U.S. Pat. No. 6,363,780 to Rey-Fabret which is herein incorporated
by reference for all that it contains, discloses a system and
method for generating an alarm relative to effective longitudinal
behavior of a drill bit fastened to the end of a tool string driven
in rotation in a well by a driving device situated at the surface,
using a physical model of the drilling process based on general
mechanics equations. The following steps are carried out: the model
is reduced so to retain only pertinent modes, at least two values
Rf and Rwob are calculated, Rf being a function of the principal
oscillation frequency of weight on hook WOH divided by the average
instantaneous rotating speed at the surface, Rwob being a function
of the standard deviation of the signal of the weight on bit WOB
estimated by the reduced longitudinal model from measurement of the
signal of the weight on hook WOH, divided by the average weight on
bit defined from the weight of the string and the average weight on
hook. Any danger from the longitudinal behavior of the drill bit is
determined from the values of Rf and Rwob.
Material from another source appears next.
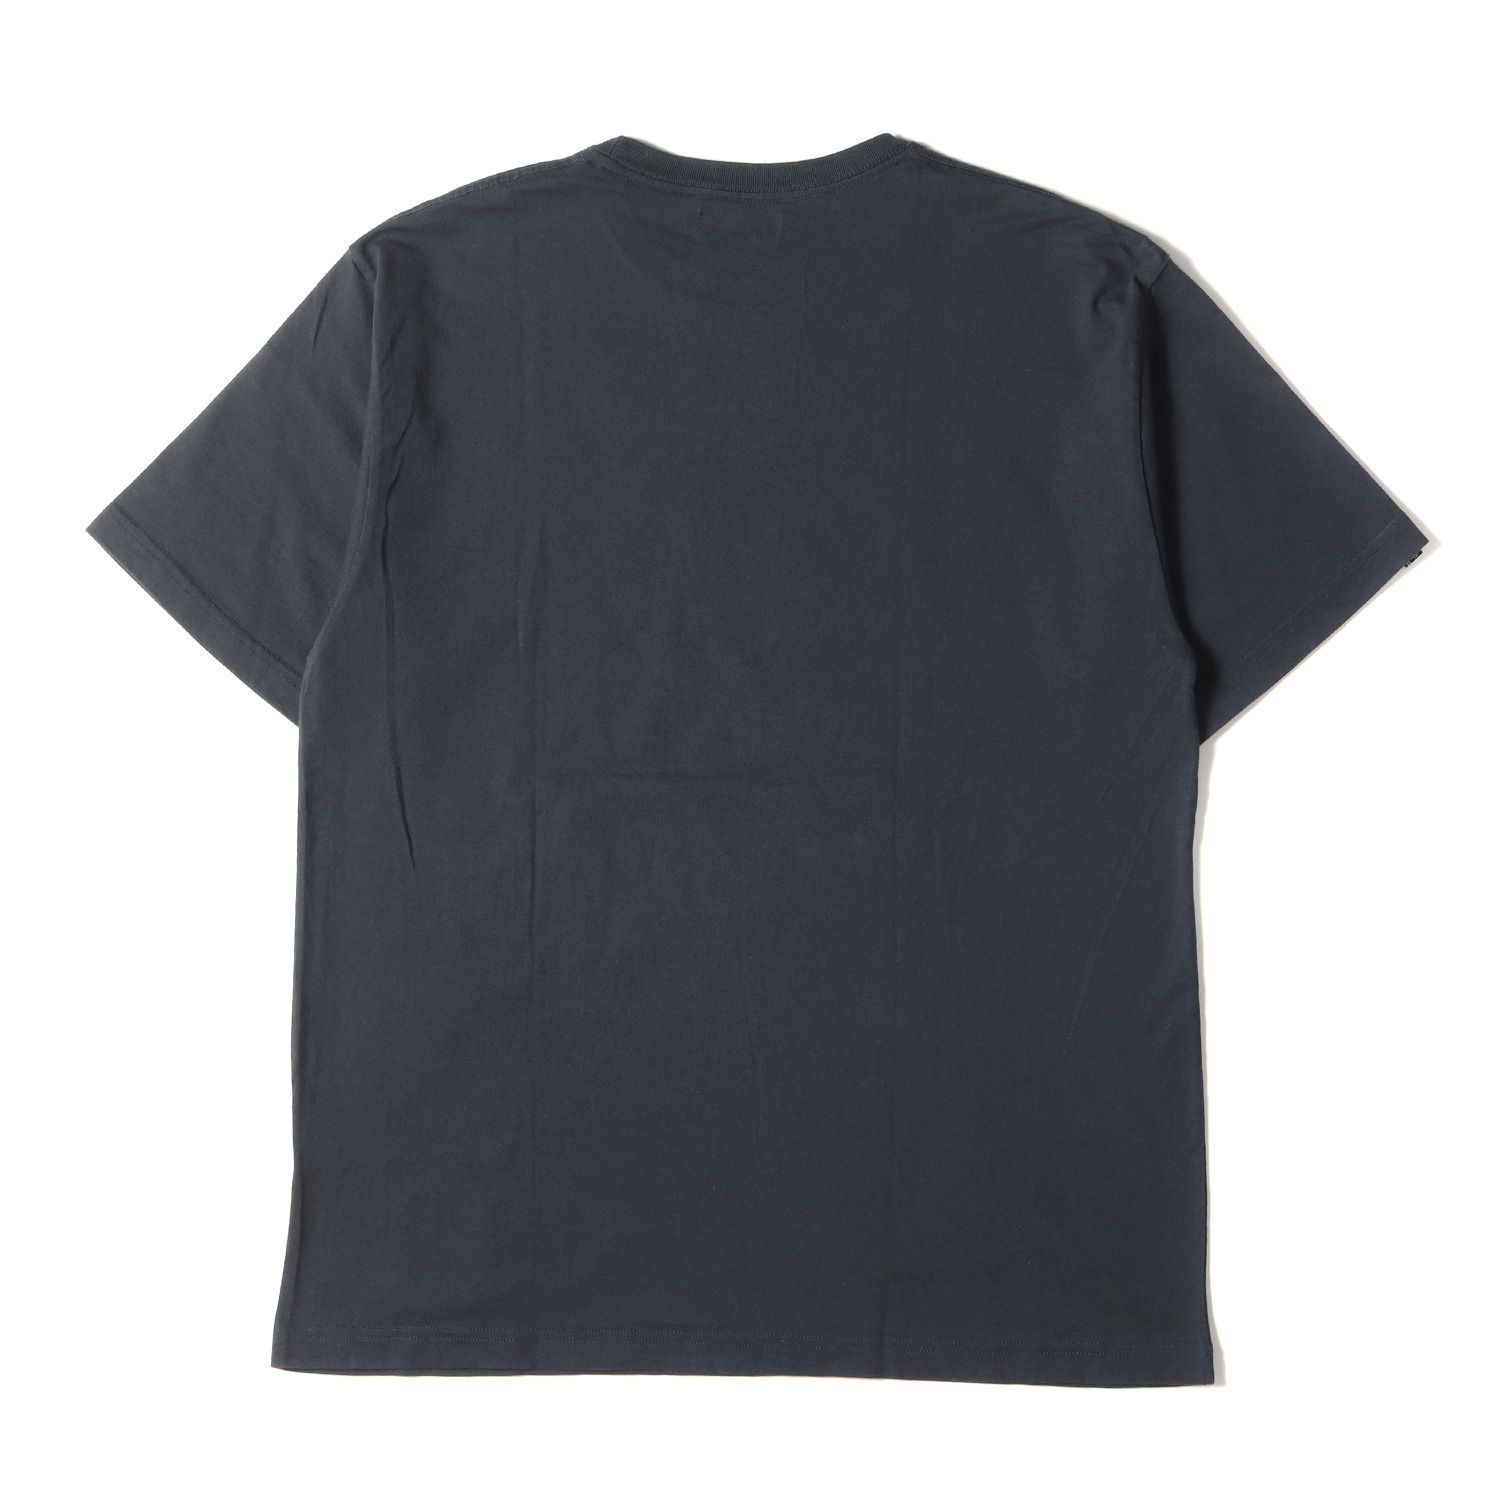 美品 NEIGHBORHOOD ネイバーフッド Tシャツ サイズ:XL SVG ブランドロゴ 半袖 クルーネック チャコール トップス カットソー  ストリート カジュアル ブランド

U.S. Pat. No. 5,806,611 to Van Den Steen which is herein
incorporated by reference for all that it contains, discloses a
device for controlling weight on bit of a drilling assembly for
drilling a borehole in an earth formation. The device includes a
fluid passage for the drilling fluid flowing through the drilling
assembly, and control means for controlling the flow resistance of
drilling fluid in the passage in a manner that the flow resistance
increases when the fluid pressure in the passage decreases and that
the flow resistance decreases when the fluid pressure in the
passage increases.
U.S. Pat. No. 5,864,058 to Chen which is herein incorporated by
reference for all that is contains, discloses a downhole sensor sub
in the lower end of a drillstring, such sub having three
orthogonally positioned accelerometers for measuring vibration of a
drilling component. The lateral acceleration is measured along
either the X or Y axis and then analyzed in the frequency domain as
to peak frequency and magnitude at such peak frequency. Backward
whirling of the drilling component is indicated when the magnitude
at the peak frequency exceeds a predetermined value. A low whirling
frequency accompanied by a high acceleration magnitude based on
empirically established values is associated with destructive
vibration of the drilling component. One or more drilling
parameters (weight on bit, rotary speed, etc.) is then altered to
reduce or eliminate such destructive vibration.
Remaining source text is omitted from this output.